It does not work if you are not admin. It does not work if your root user is enabled and has a password set. If you tried the vuln, you should set a password for the root user ("sudo passwd root").
Besides for APFS what user visible killer features has Apple made to Mac OS since 10.6.8? I'm sure they have made internal non user visible improvements to their kernel and userland. But it seems most of the "changes" to Mac OS is just churning code, or at least it seems that way from the outside.
To me personally 10.6.8 + Security Updates + APFS is extremely close to the ideal operating system.
There's the new poop emoji!! (unicode 10 emojis via 10.13.1 update)
Real answer, APFS (which changes the Filevault encryption model to no longer be full-disk-encryption...) and Metal2 graphics (which has brought a variety of new gfx bugs into play, even for 1st party applications) are the big technical draws
For a full list of changes, review the marketing page or the developer release docs
(yes Apple can't be bothered to update their dev docs with the point releases. Documentation quality has fallen off dramatically since the 10.6 days)
Given the stream of bug reports on various apple sites, I have not upgraded any of my personal machines, and my employer has stated they will not be upgrading our machines in the near term.
Kudos for reporting this publicly! We need this kind of stuff exposed publicly so that companies fix the issue and force an update. At the same time, consumers should be made aware of what security holes look like and what the risks are. Apple has been getting away with this stuff for a while now.
Do you think a hacker with ill-intent would have reported this issue at all?
No one else has mentioned it seems, digging through the twitter comments I found a tweet which states this was already known by Apple, and posted on the forums in the form of a solution...
So far the best mitigation I could find out is to enable the root account and set a strong password for it. Hopefully we'll get a security update quickly so that I disable root access again. While checking on this I also realized I was running 10.13 instead of 10.13.1 which fixes another major security flaw (key chain saves in plain text)
Doesn't work for me on a freshly installed MacOS High Sierra, but does work on an upgraded laptop to High Sierra.
Interesting...
Also the UX is different. Typing root on the fresh installed one fails, then resets the user text box to my name, and if I type root again it doesn't let me it.
On the upgraded laptop, if I type root, it sticks and clicking unlock twice gets me in.
In order to create the test case that you would automate, you first must create the repro scenario. IOW, automation has nothing to do with this until the bug is found in the first place. Arguably, one could create a test model that might have found this but raise your hand if you even know what I'm talking about when I say "test model".
The only mitigation that automation would bring is if the bug was found in earlier versions, and test case was subsequently written. IOW, and very much a generalization, automation is to find regressions. But if the bug is new...
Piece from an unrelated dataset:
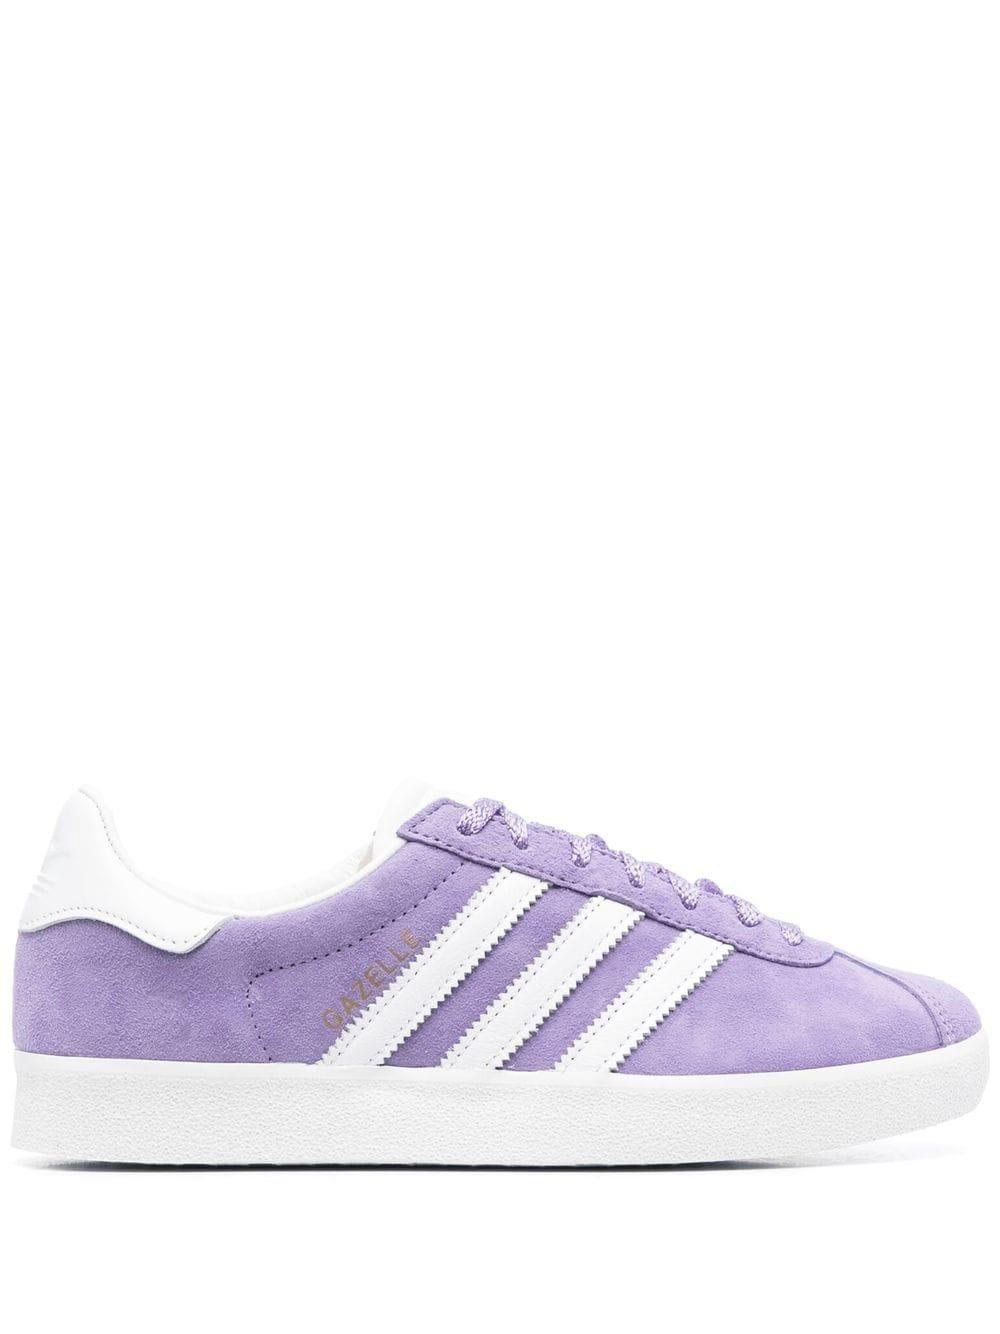 adidas Gazelle Suede Sneakers in Purple | Lyst

(To be clear, this bug still should have been found. But automation is unlikely to have found it.)
Respectfully disagree. "User cannot log in as root if root user is disabled" is absolutely a test case that should be written regardless of previously seeing the bug.
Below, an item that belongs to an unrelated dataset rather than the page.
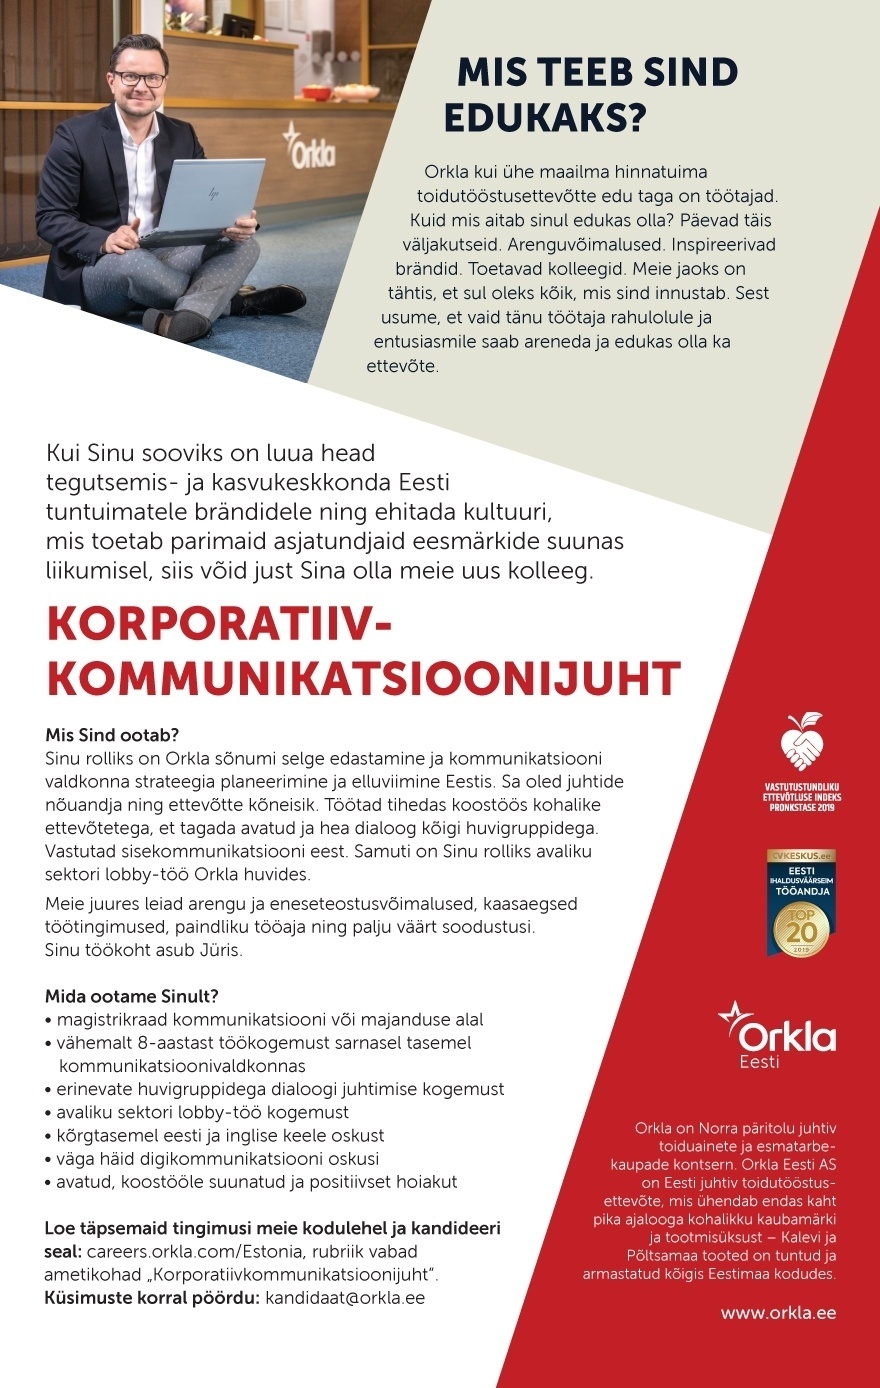 Orkla Eesti AS (Kalev ja Põltsamaa Felix) Korporatiivkommunikatsioonijuht

Meh, you're probably right. If nothing else, I'd want to verify the result of trying to use a disabled account (text in the dialog is localized, et. al.) Run through the scenario before I formally write the case and...WTF? Yeah, I could see that.
Apple suggests the workaround also discussed in this thread until the issue is fixed:
"We are working on a software update to address this issue. In the meantime, setting a root password prevents unauthorized access to your Mac. To enable the Root User and set a password, please follow the instructions here: https://support.apple.com/en-us/HT204012. If a Root User is already enabled, to ensure a blank password is not set, please follow the instructions from the ‘Change the root password’ section."
I just have no words, it seems intentional. They may want to review their build pipeline to check someone didn't manipulate the source code before it was signed. I haven't seen an easy root priv-esc like this in a long while.
[meta] I think this thread is currently being downvoted, or dragged down by the mods somehow. It should be in the #1 right now. I suspect people are flagging/downvoting because there is no responsible disclosure in this case.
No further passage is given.